I still don't have the time or energy to write something original, but here's something from the Bangor Daily News. It should lighten up your day. A few days ago, this large moose walked into a building up the coast a bit from where I'm now living. These things weigh about a ton. After getting it sedated, they had to use a backhoe to put in in a truck.
The settling in is going reasonably well. The weather has been great and I really think I'm going to like it here.
It is quite a shock when you see your first one or two. They are huge, shaggy and weird looking. I assume the New Orleans people are snow bunnies (just get a Maine winter under your belt and if they're not they probably will be). Summer in Maine and winter in New Orleans. Not a bad way to live if you can afford it.
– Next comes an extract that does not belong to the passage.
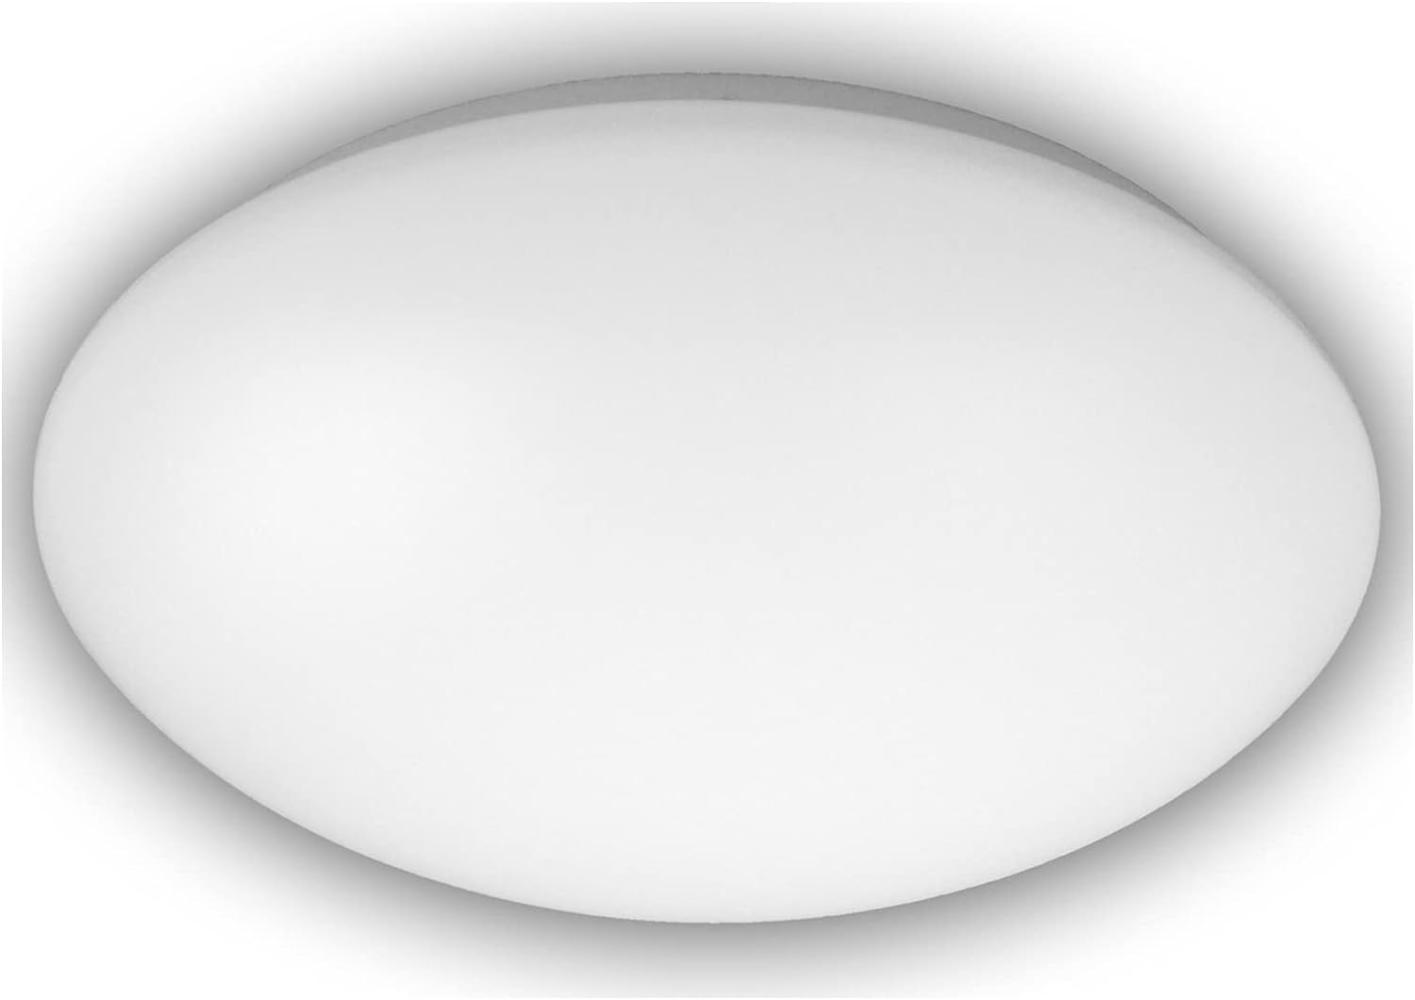 LED Deckenleuchte / Deckenschale rund, Kunststoff opalweiß, Ø 29 cm Bild 1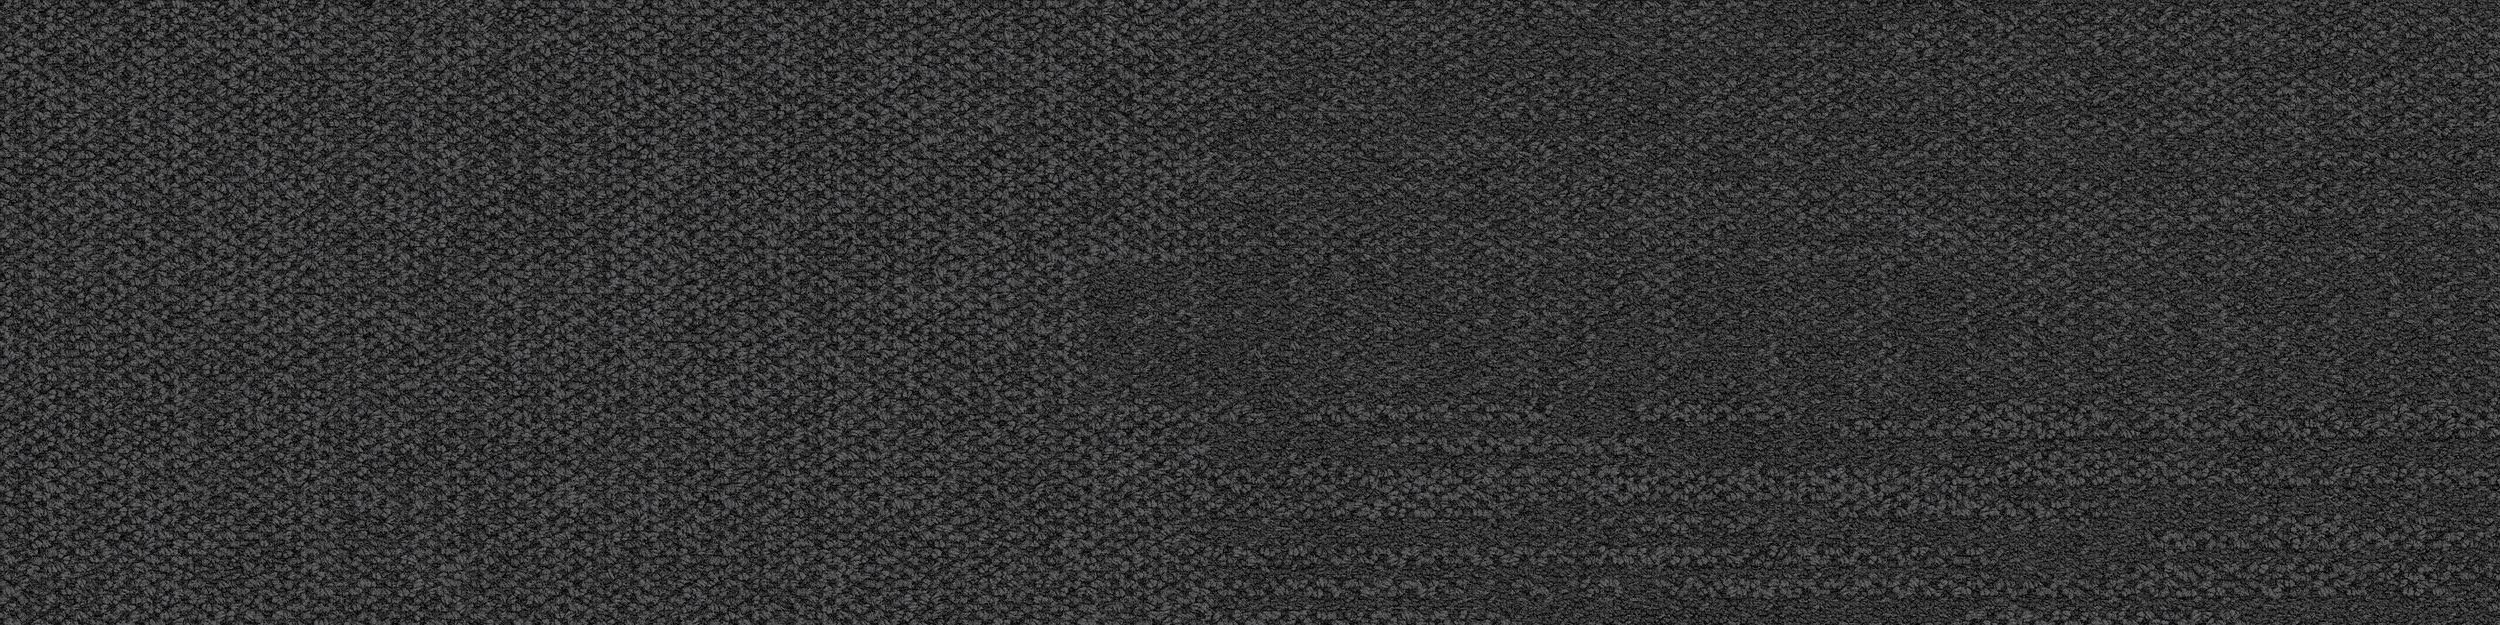 Verticals Carpet Tile In Zenith imagen número 2

So far this year I've read of one that jumped off a bridge onto the interstate in addition to the Camden one. Right after I arrived in Millinocket, Maine a group of 5 or 7 (can't rembember) blocked the road into town and the police were using bull horns to try to get them to leave. About the same time a parishioner ran into one on the interstate and ended up with a broken neck (she has recovered) I saw one eye to eye last year while driving to NH to visit my sister. It flew across the road and stared at me (I drive a VW van and sit up high) through the front window. I missed it by an inch. I think every Mainiac has a moose story.
And I thought my close-calls with deer and open-range cattle made good stories! Moose are definitely more interesting. I think it's because of all the Rocky & Bullwinkle cartoons I watched as a child.
Rick, I think Moose are far more interesting. One of the pastimes in Rangeley is going out near dusk to go moose watching. One of the roads is nicknamed "moose alley."
"Laws alone can not secure freedom of expression; in order that every man present his views without penalty there must be spirit of tolerance in the entire population."
When I was ordained in 2000, my son joked "my mother is a father." So the name. I worked as a scientist for over 30 years, first in Boston, then LA, San Francisco area, Denver, D.C, Vienna and back to San Fran. Good training for an interim who has served in Eastern Michigan, Wyoming, California and now Maine.
Isabelle, the little white dog, better known as Izzie has her own blog now.
Rob Voyle has been instrumental in my work as an interim. I highly recommend Appreciative Inquiry as a way of looking at life in a parish, or for life in general.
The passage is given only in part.